Setup an Automated Pipline

  1. Create Azure Function App for your enricher. Choose a consumption plan to pay only for what you use, or create a free App Service plan that you will share with your web UI. Right click the EnricherFunction Project in Visual Studio and select Publish... then publish to the Function app you created. Now go to the function app in the Azure Portal and expand Functions and then EnrichImages and click Integrate. Associate the storage account with this function by clicking new next to the Storage account connection and select the storage account you created earlier. Click Save.

    You can test the function by using the Azure Storage explorer to upload images to the library blob container on your storage account.

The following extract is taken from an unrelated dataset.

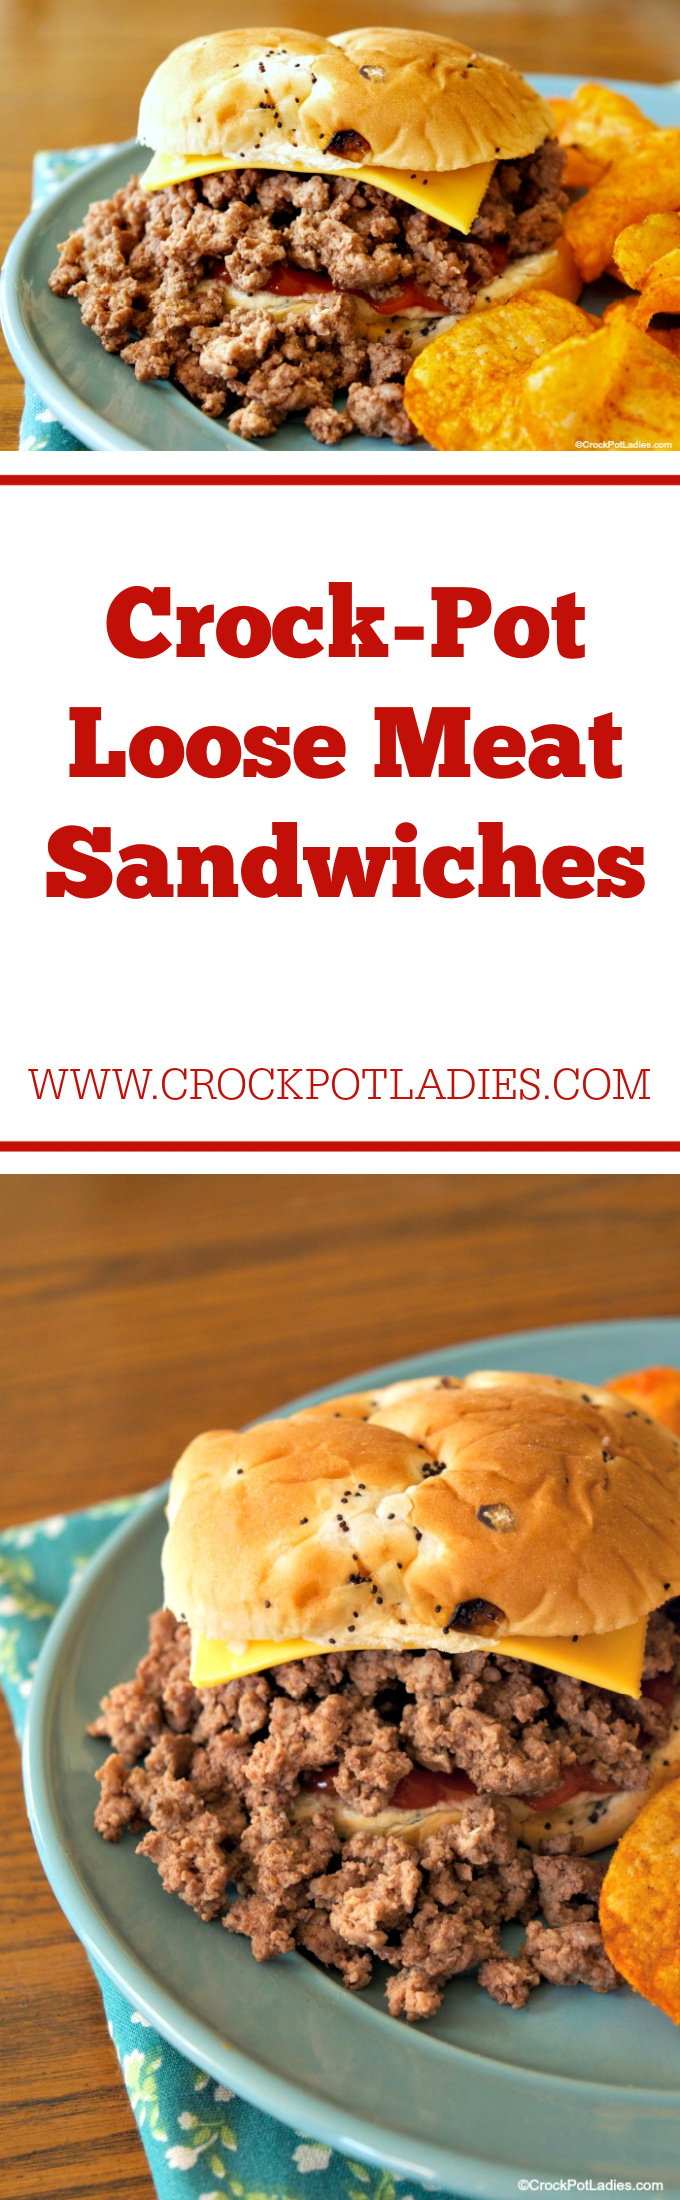 Crock-Pot Loose Meat Sandwiches

  2. Configure Microsoft Flow to create blobs from images that are taken on your phone, sent to your email, etc. You can also create these using Azure Logic Apps instead of Flow and they work the same way.

    This flow automatically adds the the library pictures taken on a phone that are uploaded to OnDrive. OneDrive Flow

    This flow automatically adds the the library pictures sent as attachments to emails send to a Outlook.com account. OneDrive Flow

Publish your Web Application

  1. In Visual Studio right click the WebUI project and select publish. You can create a new Azure Web App from Visual studio or you can do it in the Azure portal. This application will work well on a free app service plan, or you can use the same app service plan as your function app if you created one earlier.

  2. You can easily customize the UI by modifying the index.html to meet your needs. The UI is generated using the AzSearch.js library and it takes very little code to change what is shown in the search interface.